Thanx Gomibushi, thats great advice! –  Shalan Apr 22 '10 at 8:20
    
@Gomibushi: we have opted for a NAS storage solution –  Shalan Apr 22 '10 at 8:26

Cost effective has different definitions to different situations.

As has been pointed out, KVM and VMWare ESXi are free. If your time is cheap or covered in the businesses (i.e. this is part of your duties and not tacked on to you) then hey, free! And capable of "mixing them up", as virtualization is virtualization. The OS's shouldn't "know" they're not physically on the same hardware.

On the other hand, if you're running critical business applications, then the lack of clustering and support can bite you in the rear. One server running everything on an ESXi server will mean maintenance takes everything down, or a blown power supply or controller or bad RAM will take out a number of servers rather than just the one. That's where the expensive support contracts or additional licensing comes in handy, so you can have availability and redundancy available when the users are outside the server room with pitchforks and torches screaming for your digital behind on a spit.
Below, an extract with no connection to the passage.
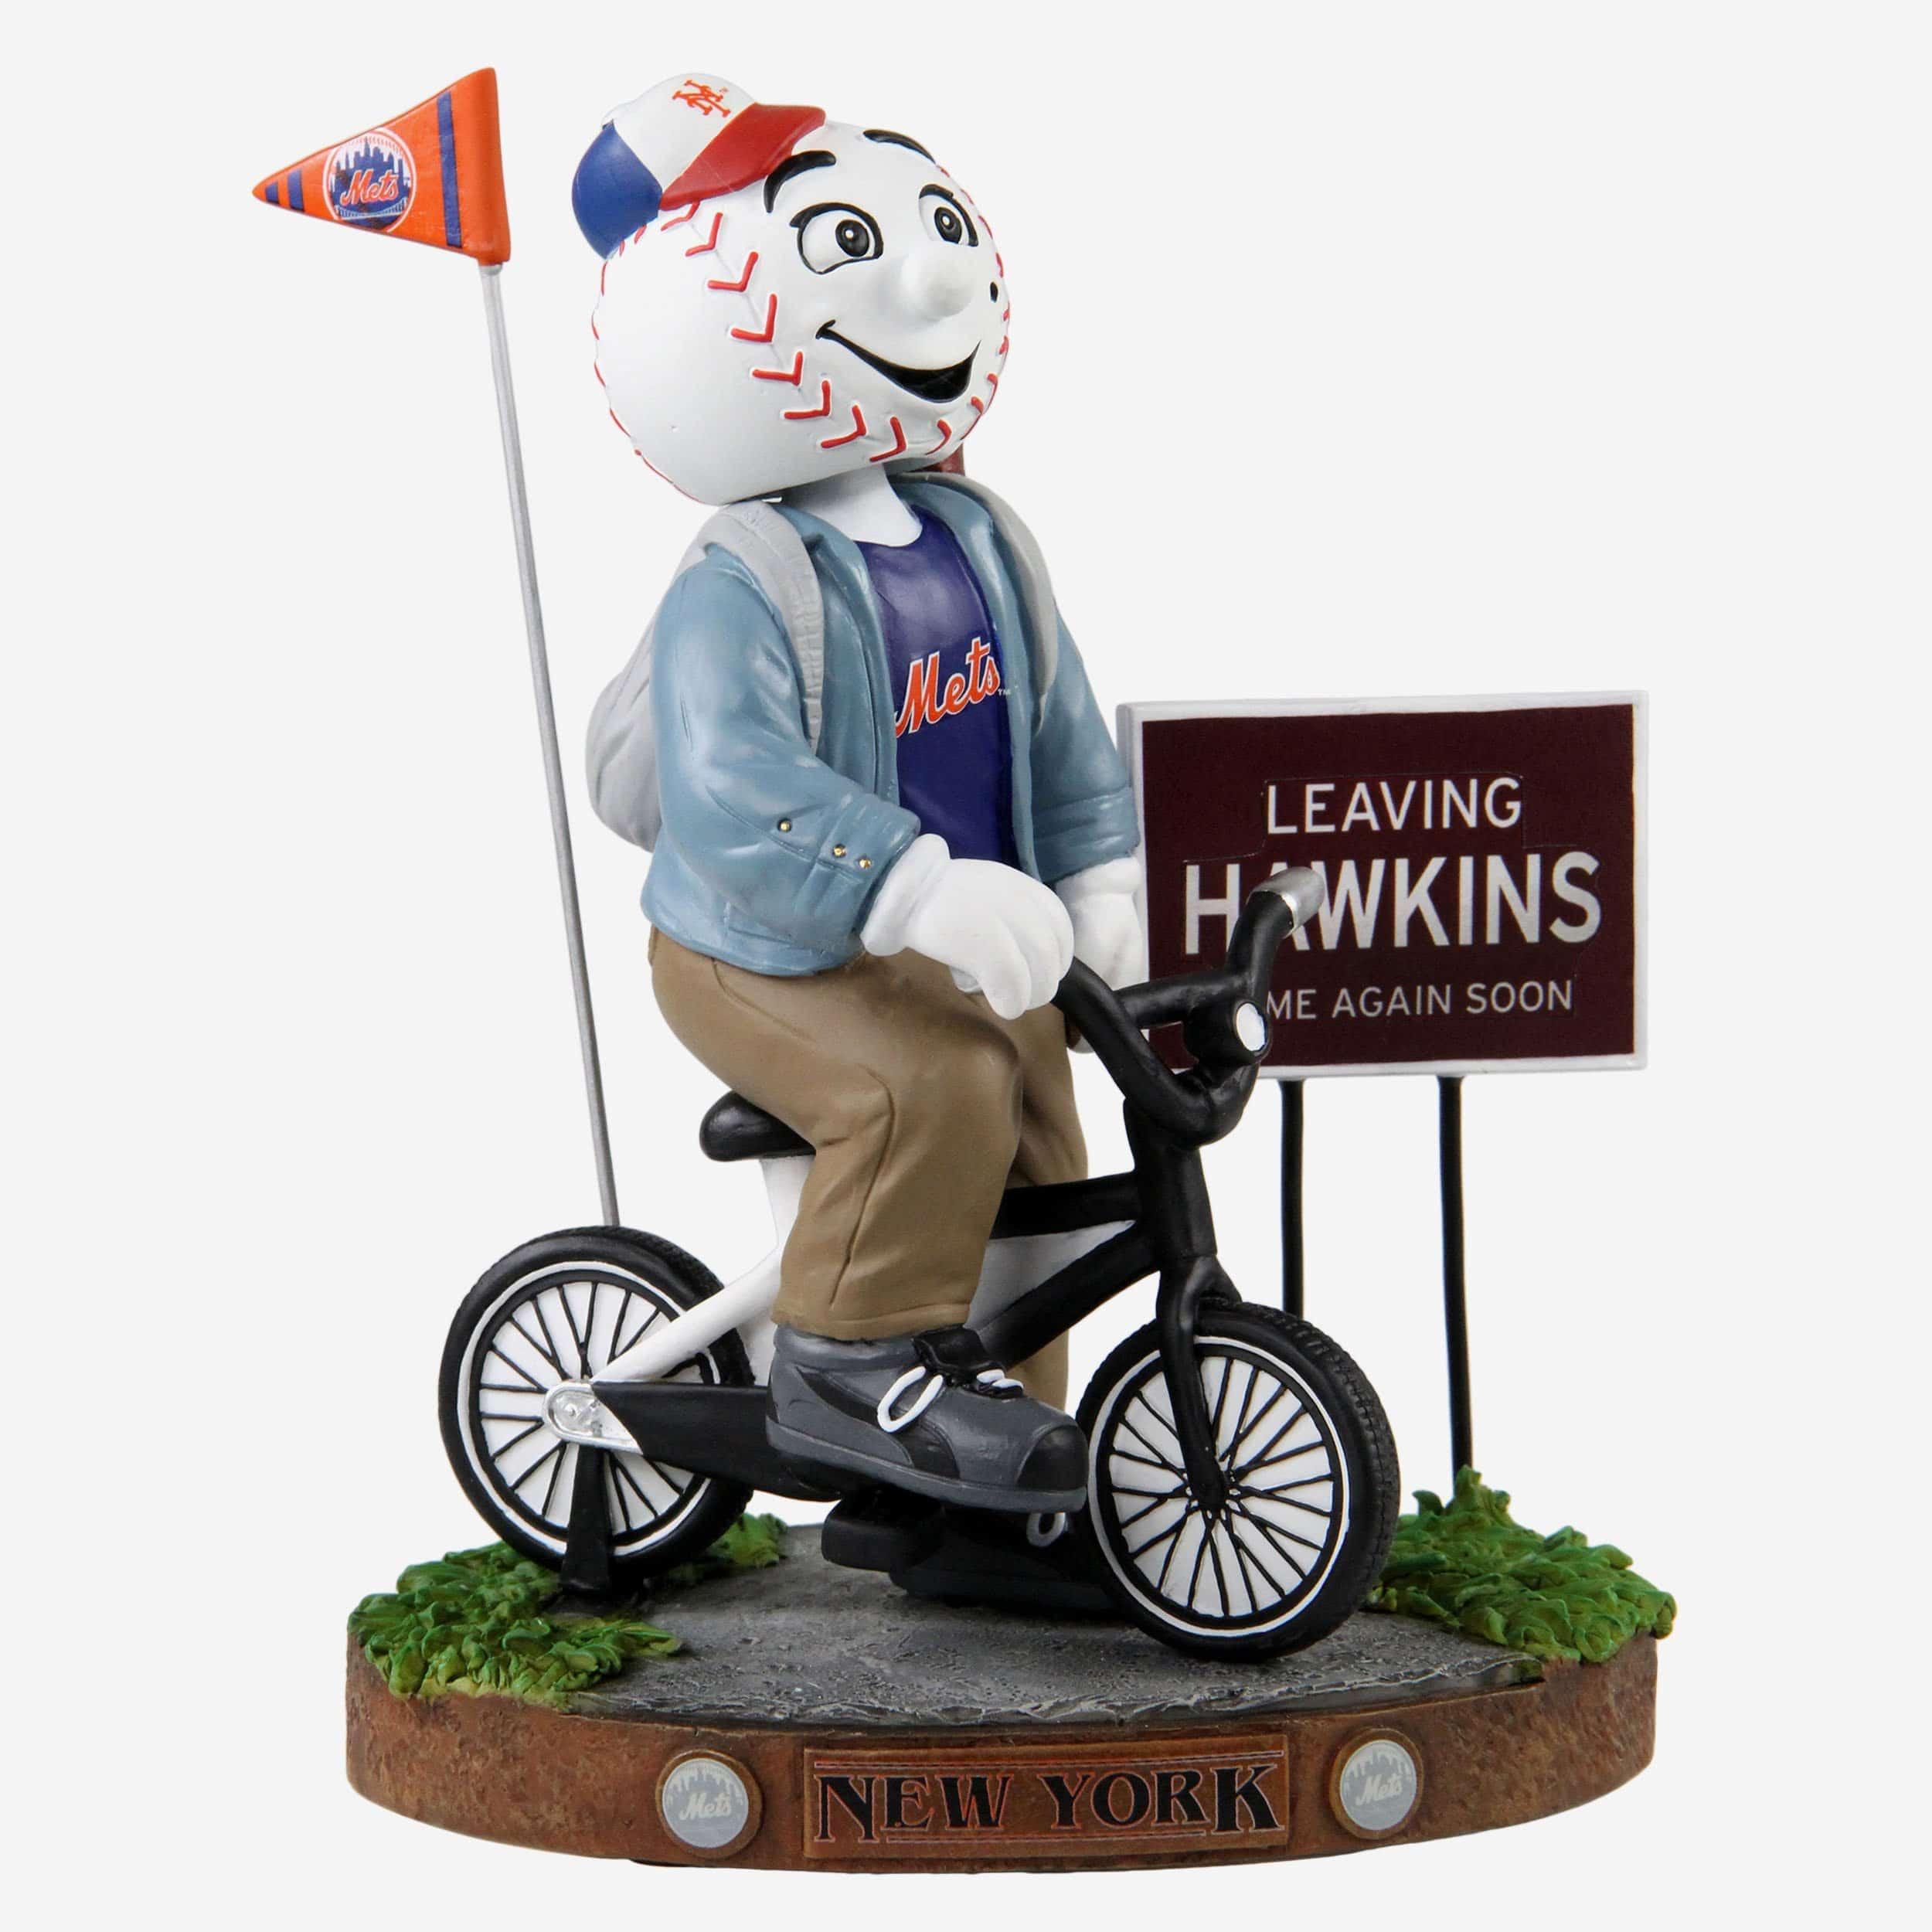 FOCO Mr Met New York Mets Stranger Things Mascot On Bike Bobblehead

Small businesses could probably get away with 2 relatively cheap "white boxes" (google it), systems that are homebrewed but fit VMWare's specs to run ESXi for free, then coming up with a schedule to back up and duplicate VM's from the "production" box to the "backup" box, so if a machine dies you fire up the twin and have users use services from that while repairing the other, or splitting the services so that while VM's 1,2,3,4, and 5 are on both machines, you can actually run 1,2, and 3 on box one and VM's 4 and 5 on the other, firing all 5 up in the event of failure.
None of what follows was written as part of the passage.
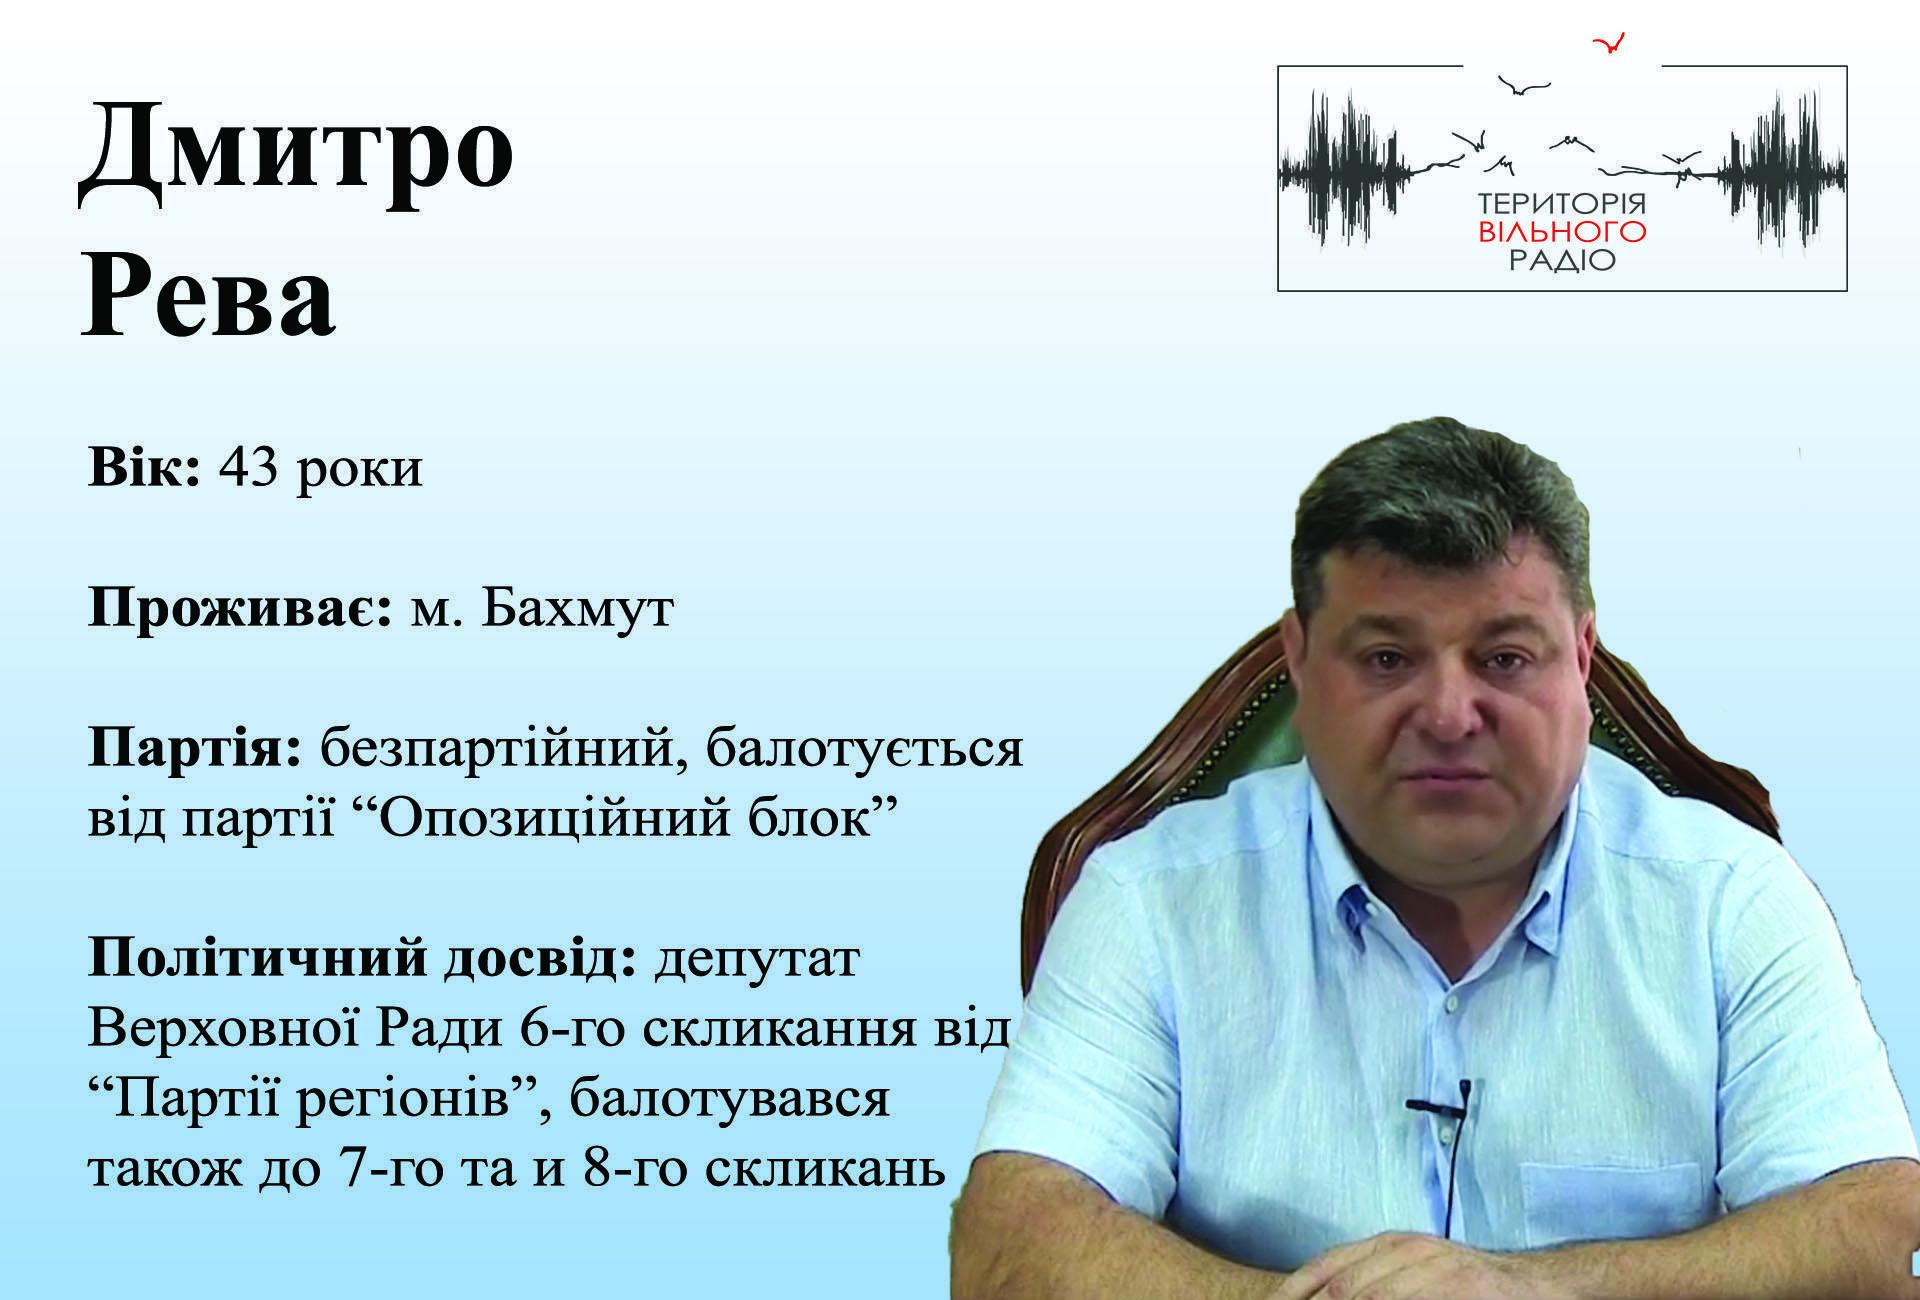 Дмитрий Рева 46 избирательный округ

Or you can get 2 white boxes, connect them to external storage that gets backed up, and store your VM's on that so you have 2 front-end servers that can dole out VM's from the shared storage (which you'd need for full-blown migration and redundancy anyway in most cases).

I'd definitely want some form of hardware backup in case the server dies.

Otherwise you'll want some support contract or pay for migration, as I don't know if you'd want to learn how to get something like fencing and high availability on production systems. It can be done, though. If you search for "linux high availability" you'll find projects like heartbeat and DRBD that can get something working between 2 or 3 Linux servers with redundancy over Ethernet and it can be coupled with XEN. I'd be nervous about doing it with production systems as my trial by fire, but hey...I don't know how adventurous you are. Otherwise more "polished" tools are available from Red Hat and VMWare and Citrix.